Bisnis.com, PEKANBARU - Lembaga Adat Melayu Riau meminta kepada PT Pertamina (Persero) dan operator Blok Rokan mulai 9 Agustus 2021 yaitu PT Pertamina Hulu Rokan (PHR), untuk mengelola salah satu blok migas terbesar di Indonesia itu dengan sifat inklusif-partisipatif.
“Kami melihat tanda-tanda ke arah pengelolaan yang inklusif-partisipatif itu, sampai sekarang belum ditunjukkan oleh Pertamina. Masih ada sedikit waktu bagi BUMN itu untuk menyampaikan komitmen-komitmennya kepada masyarakat adat,” ujar Ketua Umum Majelis Kerapatan Adat (MKA) LAM Riau Datuk Seri H. Al Azhar, Rabu (28/7/2021).
Dia menjelaskan komitmen tersebut sangat penting dijalankan, karena tanpa kejelasan komitmen, sifat eksploitatif seperti dipraktikkan PT CPI selama ini akan kembali terjadi, dan cepat atau lambat akan menimbulkan gejolak perlawanan yang akan merugikan Pertamina sendiri. Pihaknya meminta Pertamina untuk berubah sikap terhadap masyarakat adat dalam pengelolaan Blok Rokan.
Selanjutnya, bentuk pengelolaan yang inklusif-partisipatif itu meliputi berbagai aspek. Pertama, rekrutmen tenaga kerja tempatan, baik sebagai karyawan Pertamina sendiri, maupun pekerja di mitra-mitra (kontraktor) mereka.
“Harus ada kebijakan dan praktik afirmatif yang mengikat, bahwa tenaga kerja lokal diutamakan dengan kuota minimal 70 persen, seperti yang diputuskan Kongres Rakyat Riau II tahun 2000 lalu,” ujarnya.
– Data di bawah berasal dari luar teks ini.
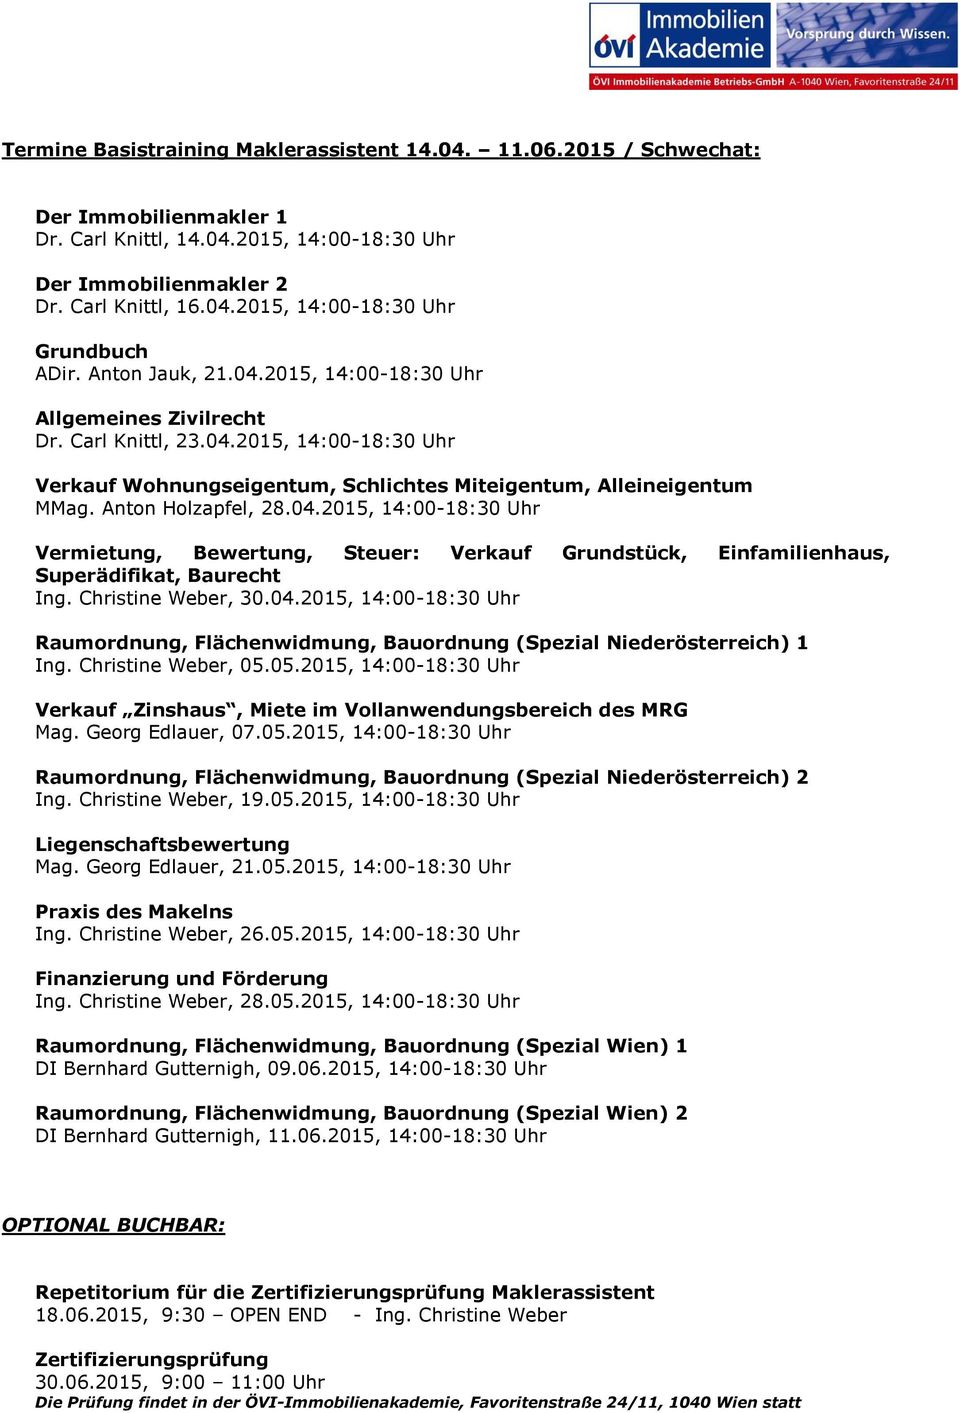 Christine Weber, 30.04.2015, 14:00-18:30 Uhr Raumrdnung, Flächenwidmung, Baurdnung (Spezial Niederösterreich) 1 Ing. Christine Weber, 05.

Kedua, akses yang nyata pada peluang bisnis bagi perusahaan tempatan, baik di sektor servis, pemeliharaan, maupun operasi. Di samping memperluas lapangan kerja bagi masyarakat adat dan warga Riau lainnya, pengutamaan perusahaan lokal akan berdampak positif bagi peningkatan pendapatan asli daerah (PAD) Riau.
Ketiga, investasi Bisnis to Bisnis sebanyak 39 persen harus diprioritaskan ke badan usaha milik masyarakat adat. Hal itu selaras dengan amanat Presiden RI, Joko Widodo, sewaktu penabalan gelar adat Datuk Seri Setia Amanah Negara oleh Lembaga Adat Melayu Riau pada 15 Desember 2018 yang lalu. Waktu itu Jokowi menyampaikan kepada Pertamina, agar "Blok Rokan jangan dikelola sendiri; libatkan yang namanya daerah sebesar-besarnya. Kalau daerah mampu memegang lebih besar, kenapa tidak?"
Keempat, kewajiban mengalokasikan pancung alas bagi masyarakat adat pemilik wilayah operasi, yang diatur dalam persentase yang disepakati bersama.
Datuk Seri H. Al azhar mengatakan selama 97 tahun Blok Rokan beroperasi, berbagai entitas perusahaan dan yang terakhir PT CPI, hak-hak masyarakat adat di wilayah kerja Blok Rokan tidak diperhatikan, baik dalam bentuk kebijakan maupun praktiknya. Kenyataan-kenyataan adanya masyarakat adat dan wilayahnya di sekitar operasi dan konsesi diabaikan.
“Masyarakat adat hanya menjadi penonton di pentas pengisapan milyaran barel minyak yang ditakdirkan Allah Ta'ala berada di perut bumi wilayah mereka. Kesejahteraan mereka memprihatinkan, dan mereka hidup dalam apa yang disebut resource curse, kutukan sumber daya alam yang kaya. Kita tak mau keadaan terhina itu terus berlanjut," ujarnya.
Untuk itu LAMR sudah dua kali mengundang Dirut PT PHR untuk mempresentasikan komitmen-komitmennya. Tetapi dengan alasan pandemi Covid-19, kedua undangan tersebut belum dipenuhinya. "Bagi LAMR, itu menjadi tanda Pertamina cenderung hanya akan menjadi CPI baru."
Padahal aspirasi-aspirasi sudah disampaikan ke Kementerian ESDM, tak lama sesudah pemerintah memutuskan alih-kelola Blok Rokan dari CPI ke Pertamina.
Dengan Komisi VII DPR RI sudah ada dengar pendapat, diikuti kunjungan pimpinan dan anggota komisi tersebut ke Riau. Secara khusus, Komisi VII menegaskan ke Pertamina untuk tidak menjadikan masyarakat Riau sebagai penonton.